Dataset records:
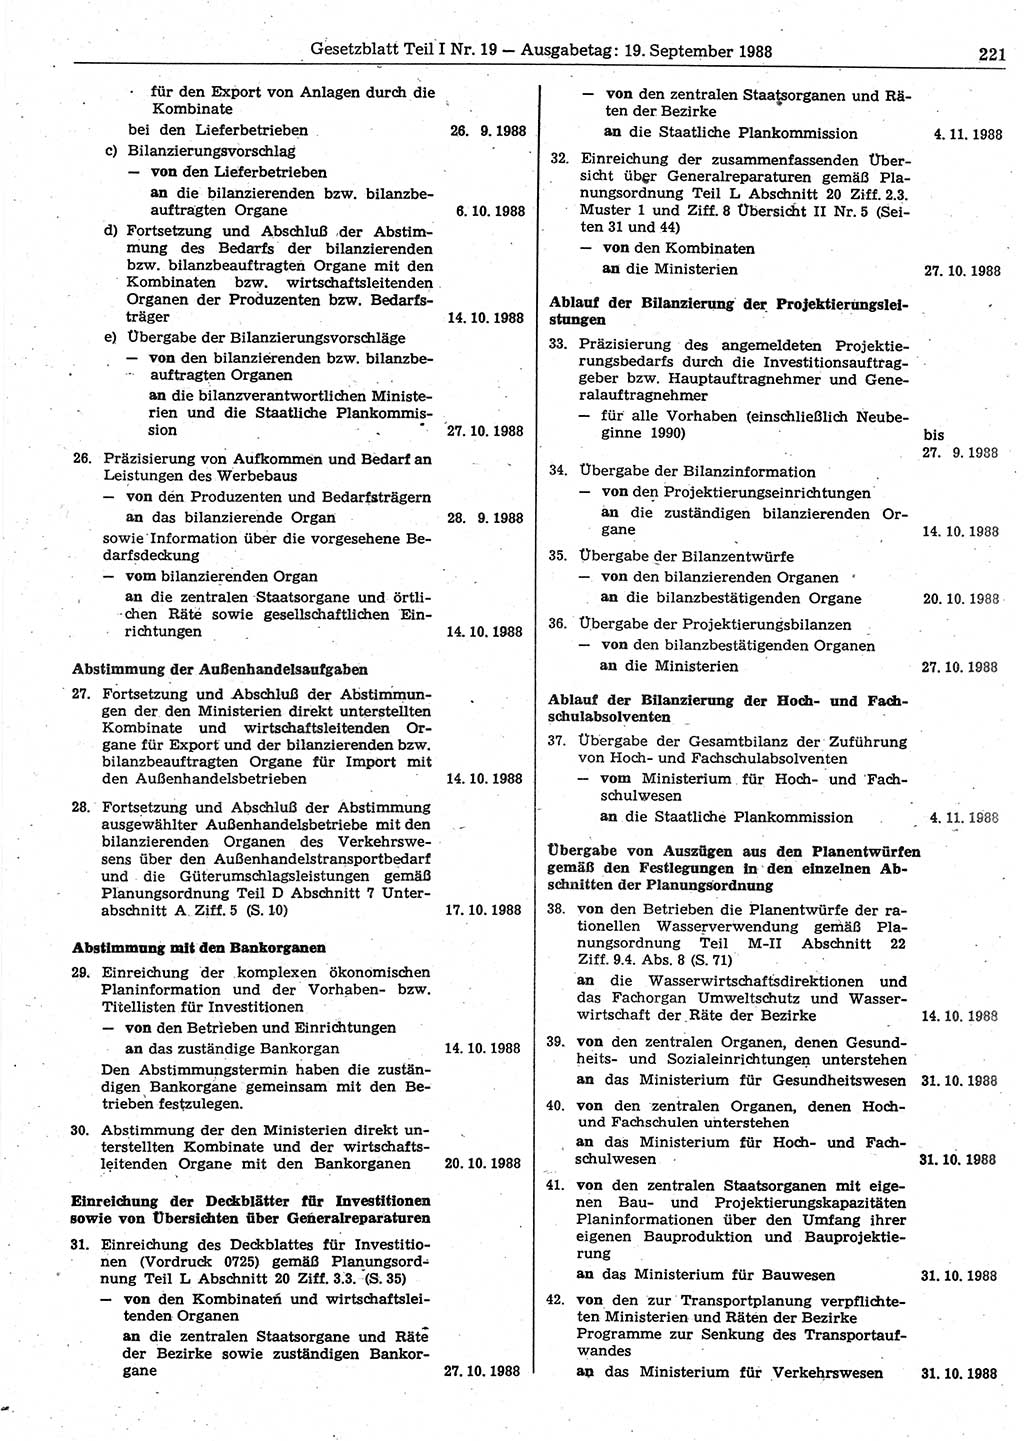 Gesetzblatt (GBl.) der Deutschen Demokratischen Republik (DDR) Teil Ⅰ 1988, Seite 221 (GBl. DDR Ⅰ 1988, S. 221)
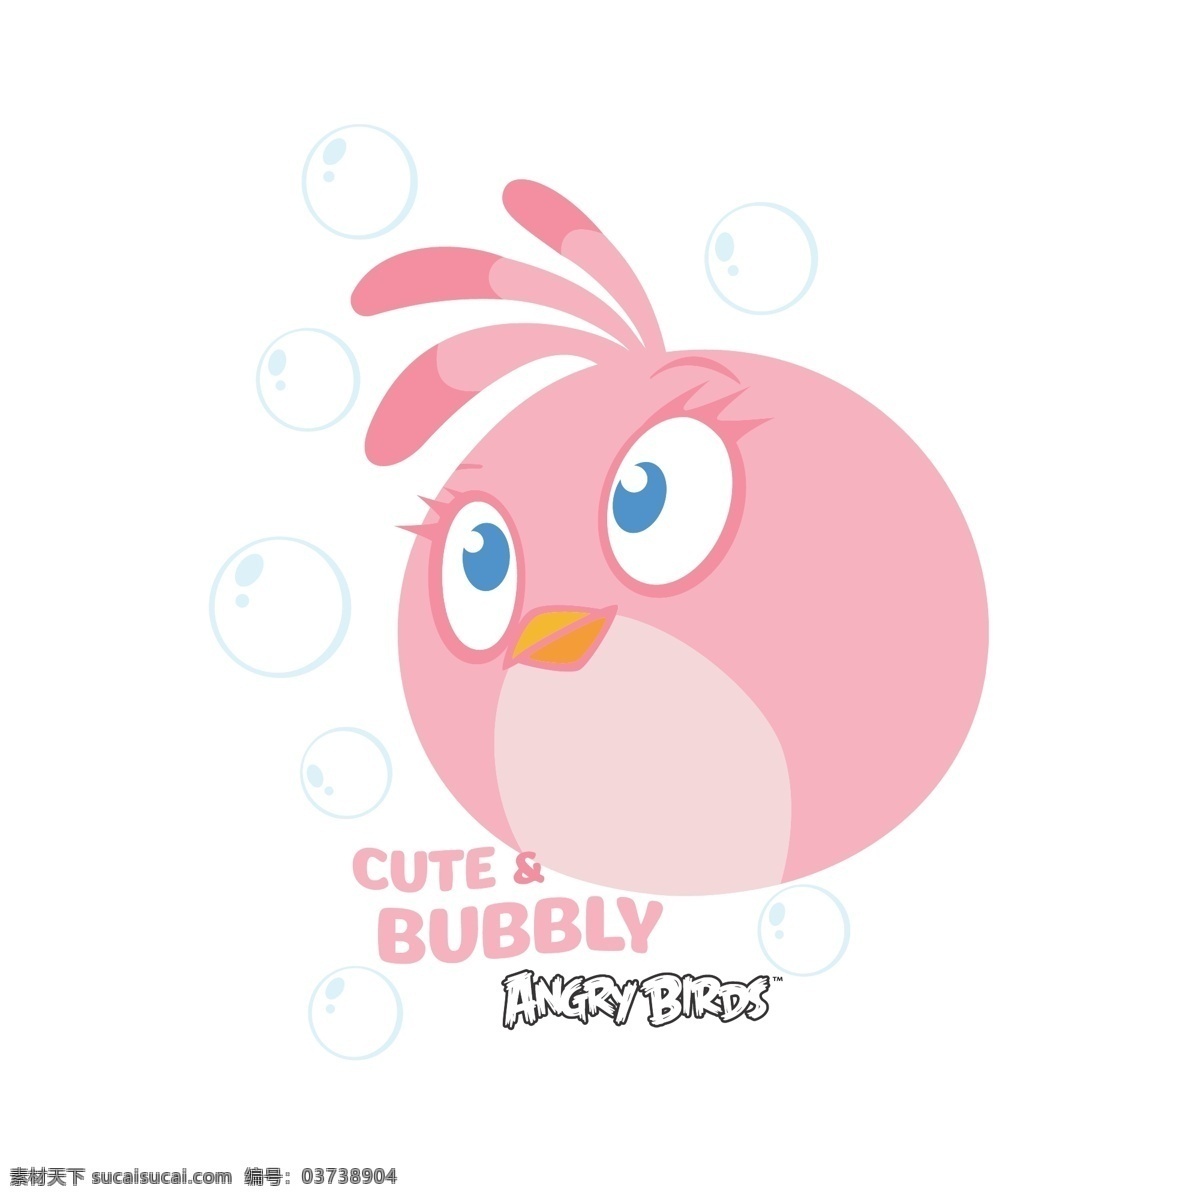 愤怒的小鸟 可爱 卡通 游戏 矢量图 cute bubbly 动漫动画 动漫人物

---

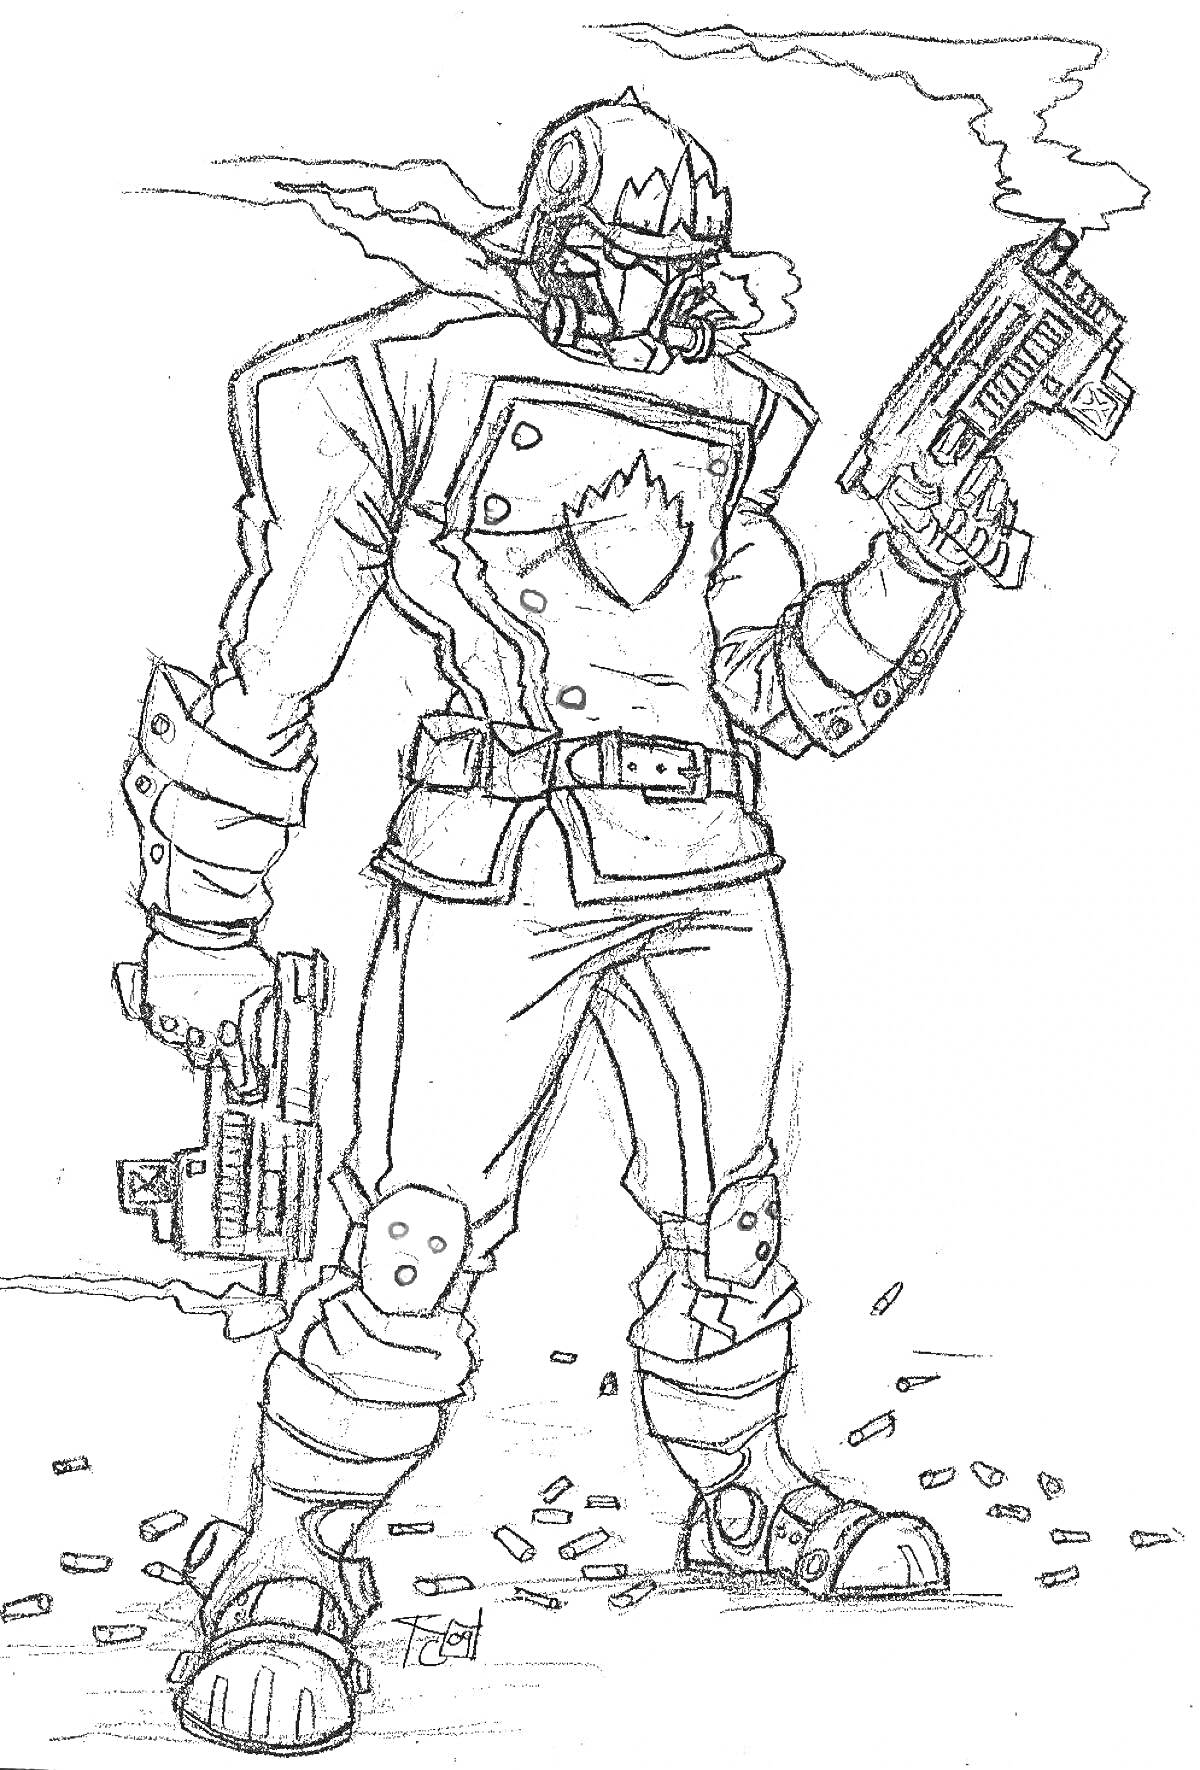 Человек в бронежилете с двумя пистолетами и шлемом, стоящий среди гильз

Task to carry out:
Output only the lines above from the one containing "Gesetzblatt (GBl.) der" to the one containing "愤怒的小鸟 可爱 卡通 游戏 矢量图 cute bubbly 动漫动画 动漫人物", both included, exactly as written and with no pictures.

Response area:
 Gesetzblatt (GBl.) der Deutschen Demokratischen Republik (DDR) Teil Ⅰ 1988, Seite 221 (GBl. DDR Ⅰ 1988, S. 221)
 愤怒的小鸟 可爱 卡通 游戏 矢量图 cute bubbly 动漫动画 动漫人物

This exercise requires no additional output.